**Input data:**
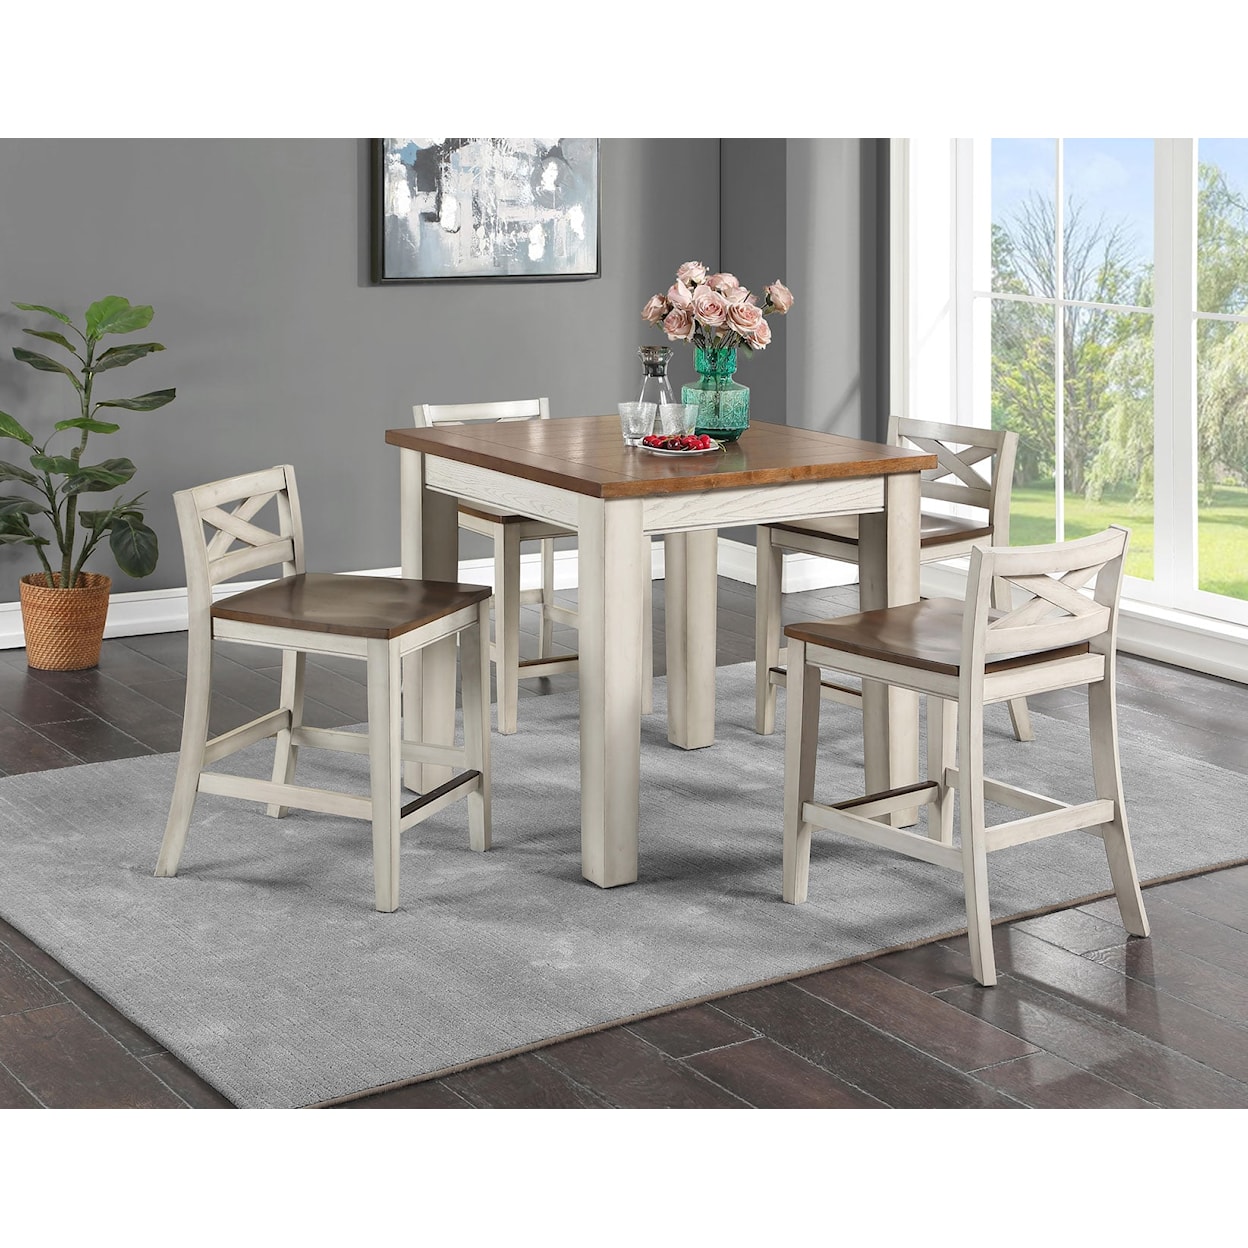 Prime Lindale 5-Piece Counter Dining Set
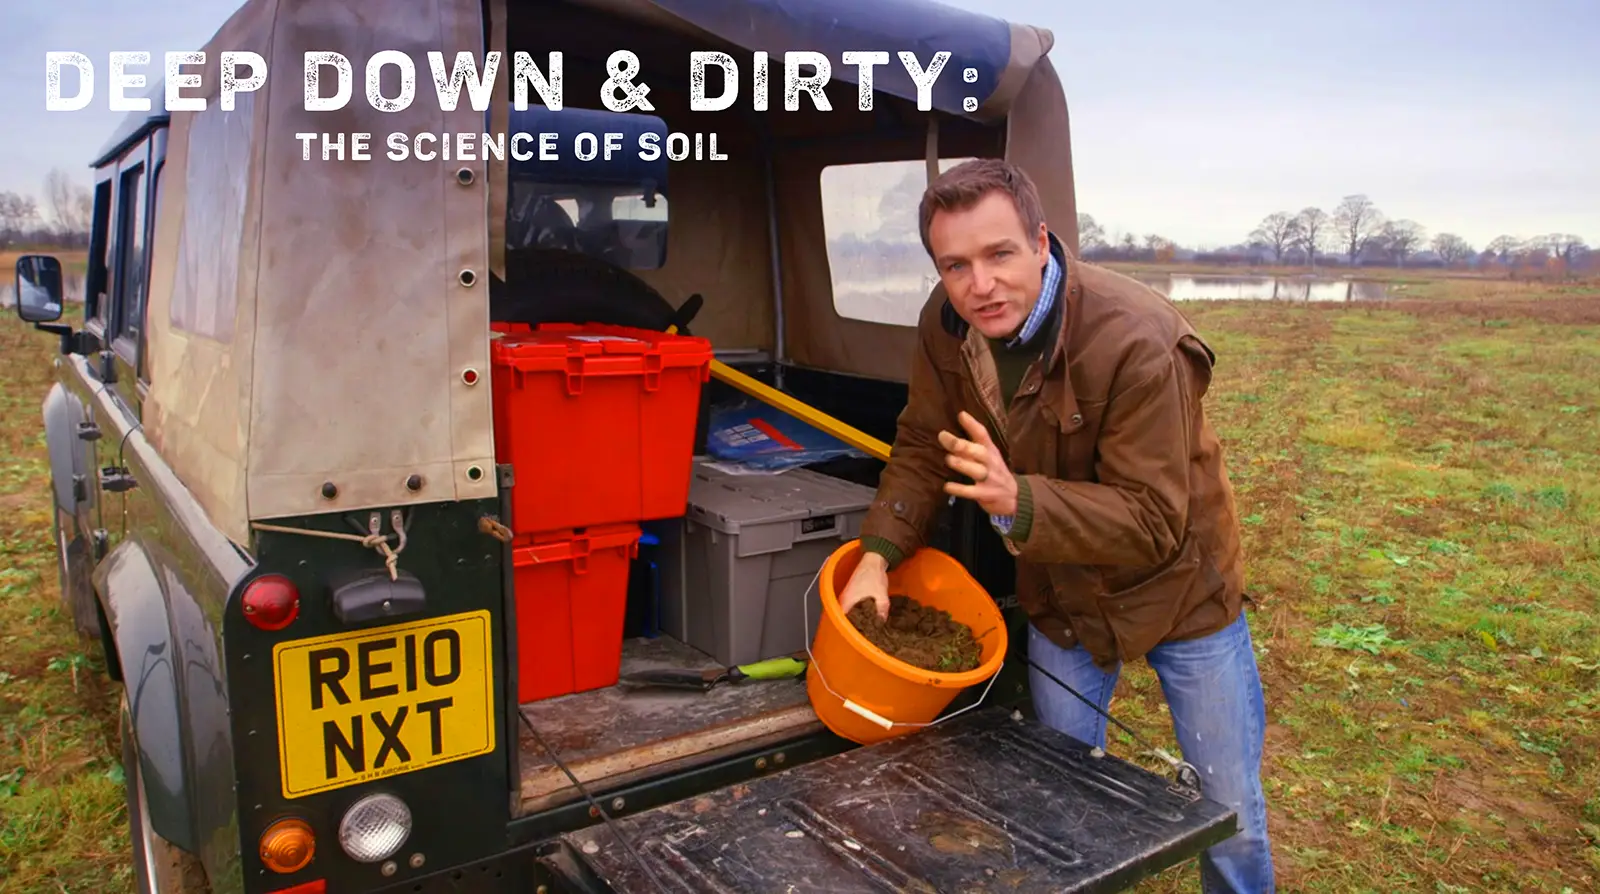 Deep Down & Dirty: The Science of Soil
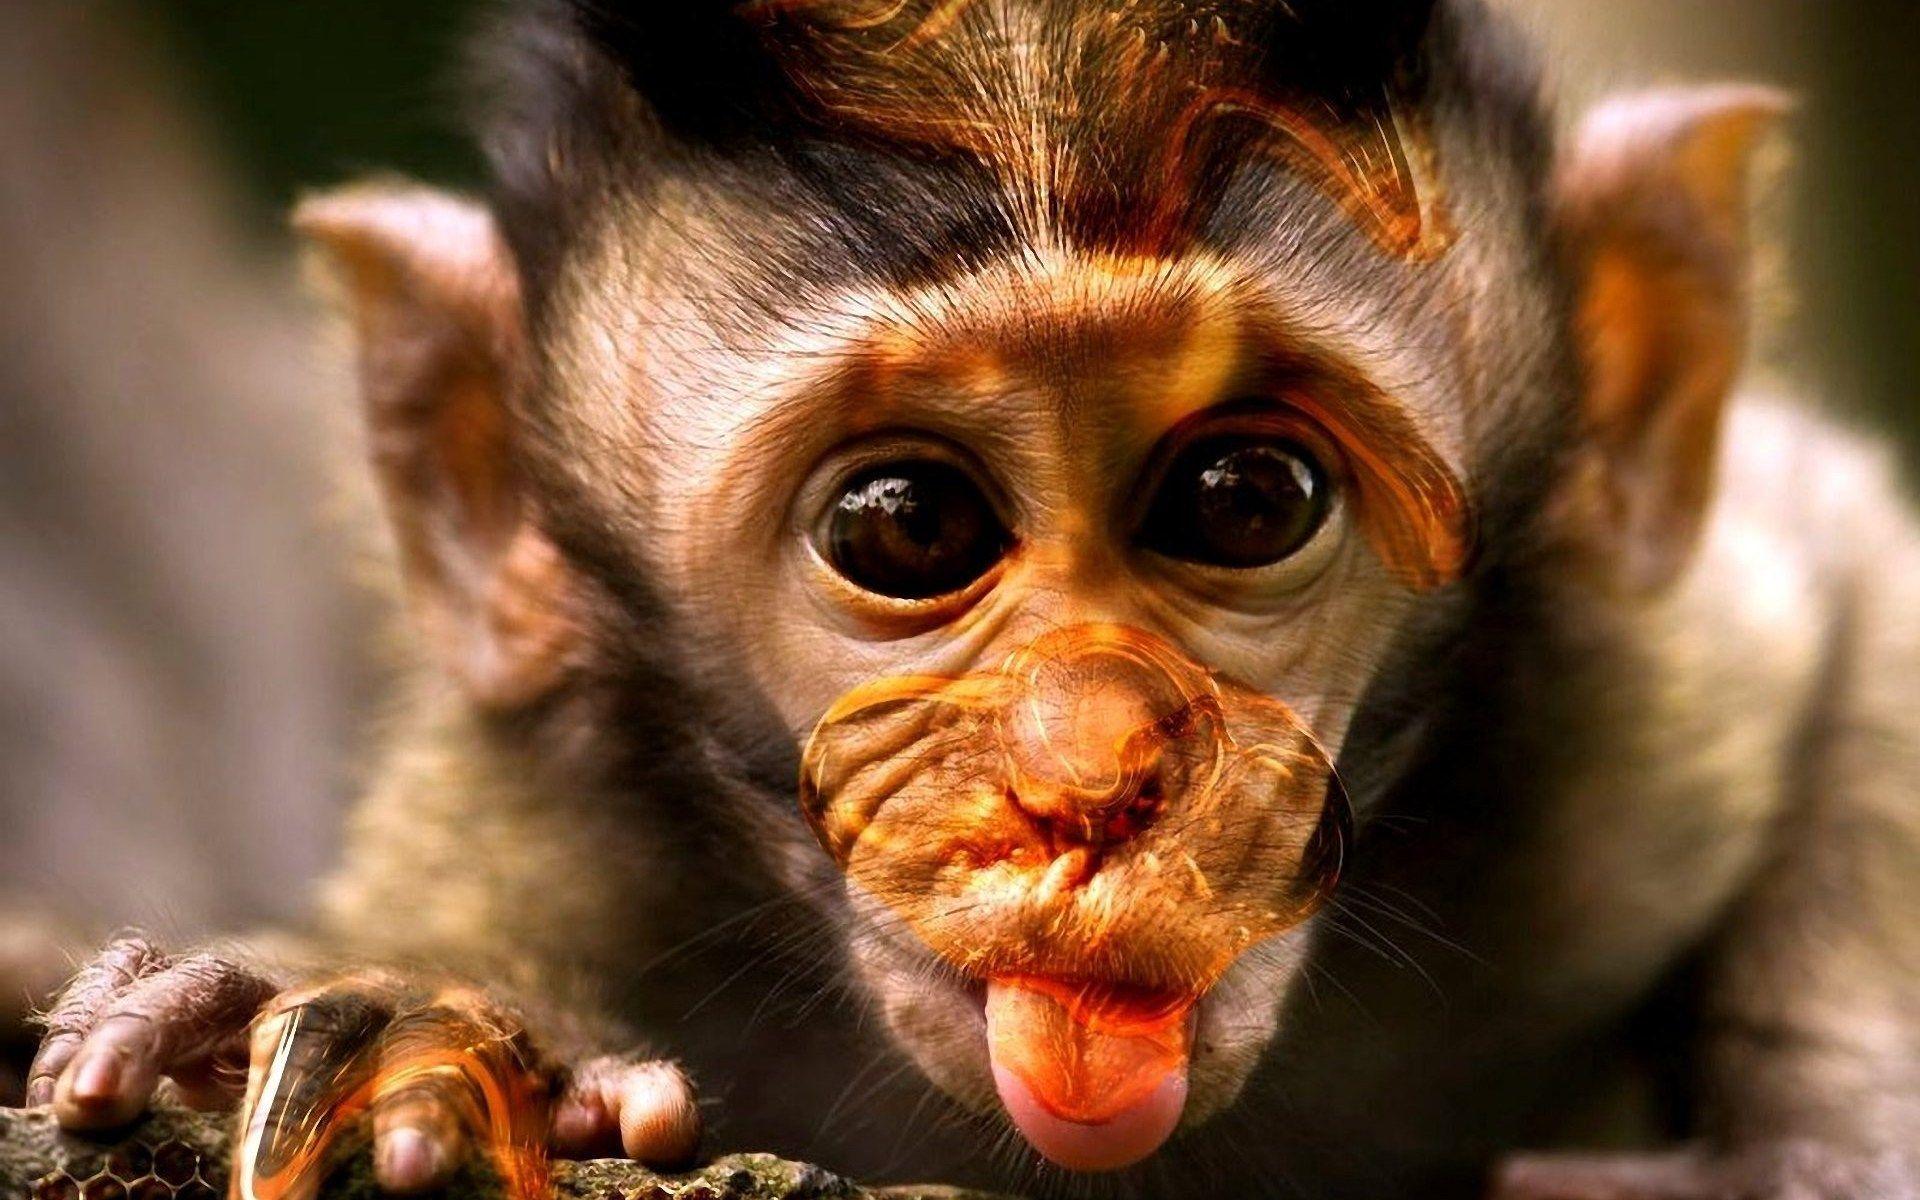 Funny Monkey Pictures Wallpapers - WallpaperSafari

**Work instruction:** Give the complete material again, exactly as written. Do not include the pictures.

**Response to this exercise:**
 Prime Lindale 5-Piece Counter Dining Set
 Deep Down & Dirty: The Science of Soil
 Funny Monkey Pictures Wallpapers - WallpaperSafari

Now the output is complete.